Sapo esperto (Arquivo JRS) |
Eu
já contei que os sapos abundavam na minha infância? É, tinha
bastante, numa diversidade fantástica! O motivo: existia muitas
gamboas, vargens e lagoas. Era fartura de água. No Sapê,
onde nasci, divisando com o terreiro do Leôncio havia um brejo
lindo, com caxetas enormes. Atrás da casa do Nié tinha outro, onde
a mana Ana ganhou um cobreiro depois de pisar numa intanha
apodrecida. Entre a nossa casa e a do Jonas era uma só gamboa, a
minha preferida. Assim que começava a chover, eu escapulia para
apreciar o espetáculo: sapos de todos os tamanhos, de todas as
cores, de todas as toadas. A intanha, por exemplo, chorava como uma
criança, a nimbuia fazia a voz grave do coral. Guimarães Rosa
escreveu:
No
brejo, os sapos coaxam agora uma história complicadíssima, de um
sapo velho, sapo-rei de todos os sapos, morrendo e propondo o
testamento à saparia maluca, enquanto que, como todo sapo nobre,
ficava assentado, montando guarda ao próprio ventre.
-
Quando eu morrer, quem é que fica com os meus filhos?
-
Eu não... Eu não! Eu não!… Eu não!…
-
Quando eu morrer, quem é que fica com a minha mulher?
-
É eu! É eu! É eu! É eu!
Pois
é, o mundo dos sapos é inspirador. Vovó Eugênia contava dos dois
espertos penetras (sapo e jabuti) que foram numa festa no céu.
Aproveitaram bem, mas foram descobertos pelo chefão de lá. Veio
castigo: o jabuti foi o primeiro a ser jogado para baixo, caiu numa
pedra e ficou em cacos. Por isso que ele tem o casco todo remendado.

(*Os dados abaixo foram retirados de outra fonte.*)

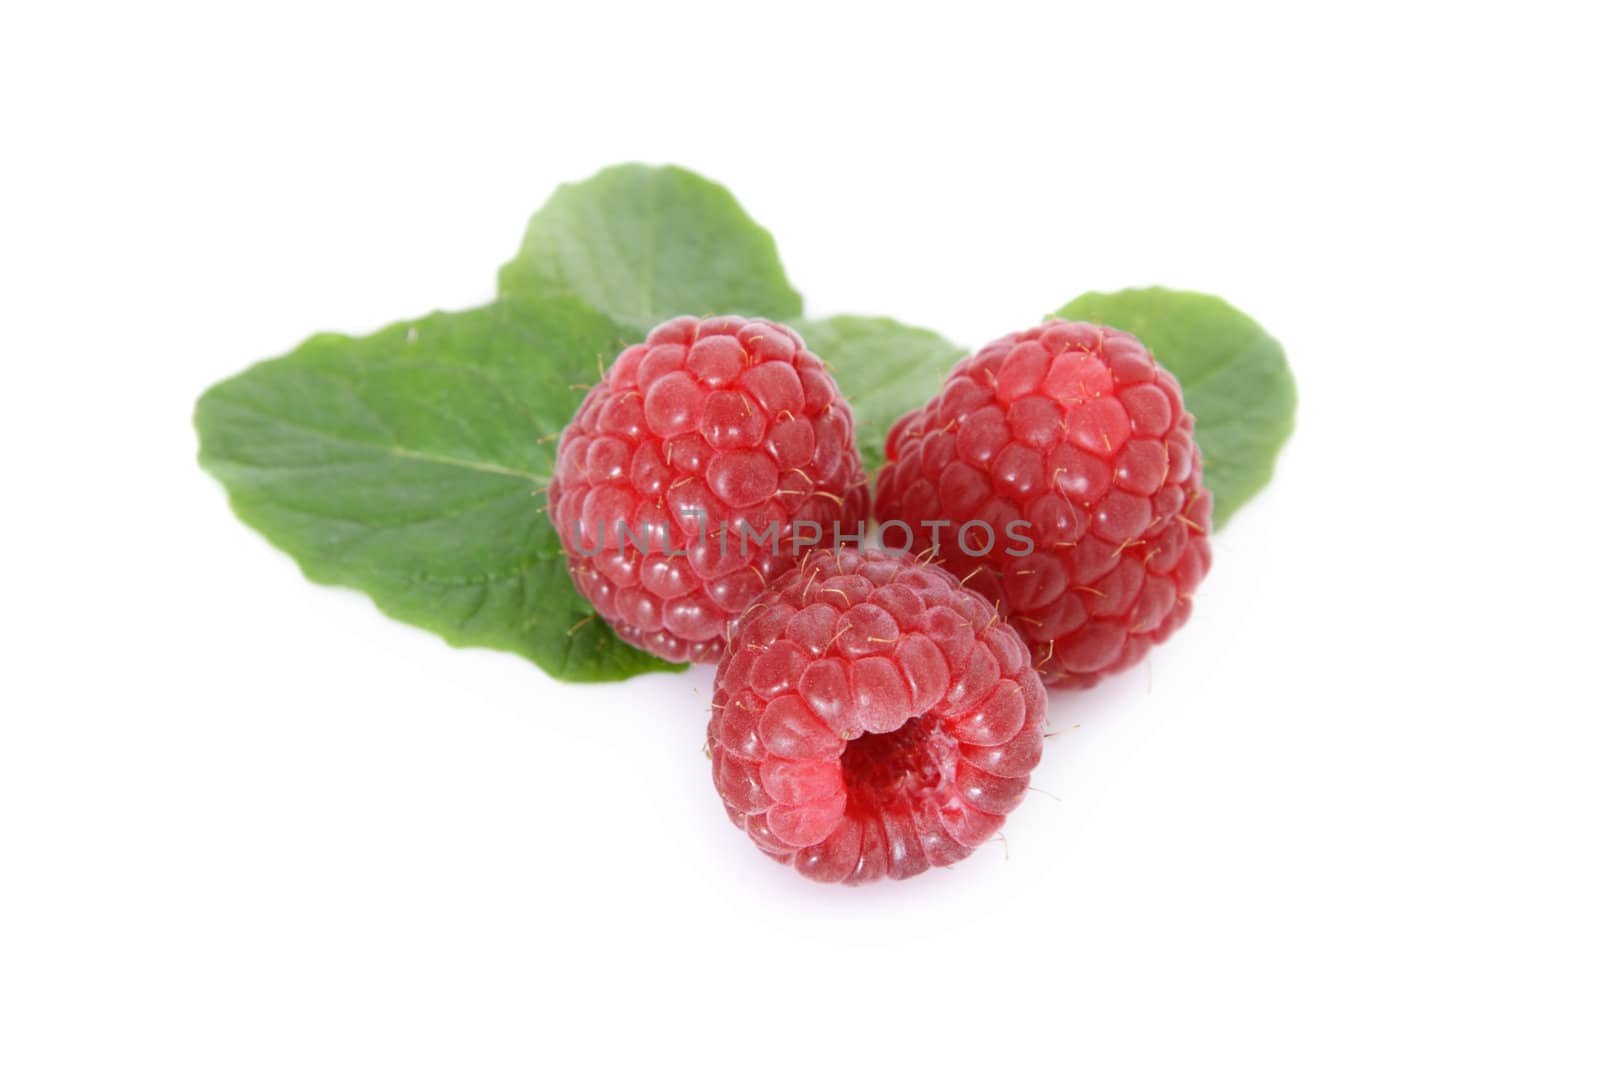 Raspberries by kaarsten

Já o sapo, ladino como só, suplicou para que não fosse lançado na
água, onde morreria. Imagina só! Que estratégia! Veio para baixo, em direção de
uma grande gamboa e saiu feliz da vida. Esperto que só!
Tia
Iaiá (Maria da Barra), sábia mulher num corpinho tão frágil,
certa manhã ensinou uma lição dos sapos: “Ontem, no serão,
na lagoa do Nofre, as nimbuias estavam assanhadas antes mesmo da
grande Lua. Se preparem de hoje pra amanhã; é vento forte chegando.
Nem pensar de baixar canoa na praia”. De fato, no amanhecer do
dia seguinte, o bananal nas terras do velho João Bento estava
deitado, duas amendoeiras se desprenderam no jundu com raiz e tudo,
mas nenhuma casa foi estragada. “Milagre, meu filho!”.
Quando eu contei isso para o tio Marcelino, ele apresentou a seguinte
moral imoral: “Casamento a pique é quando o homem
está engolindo sapo em vez de comer perereca”.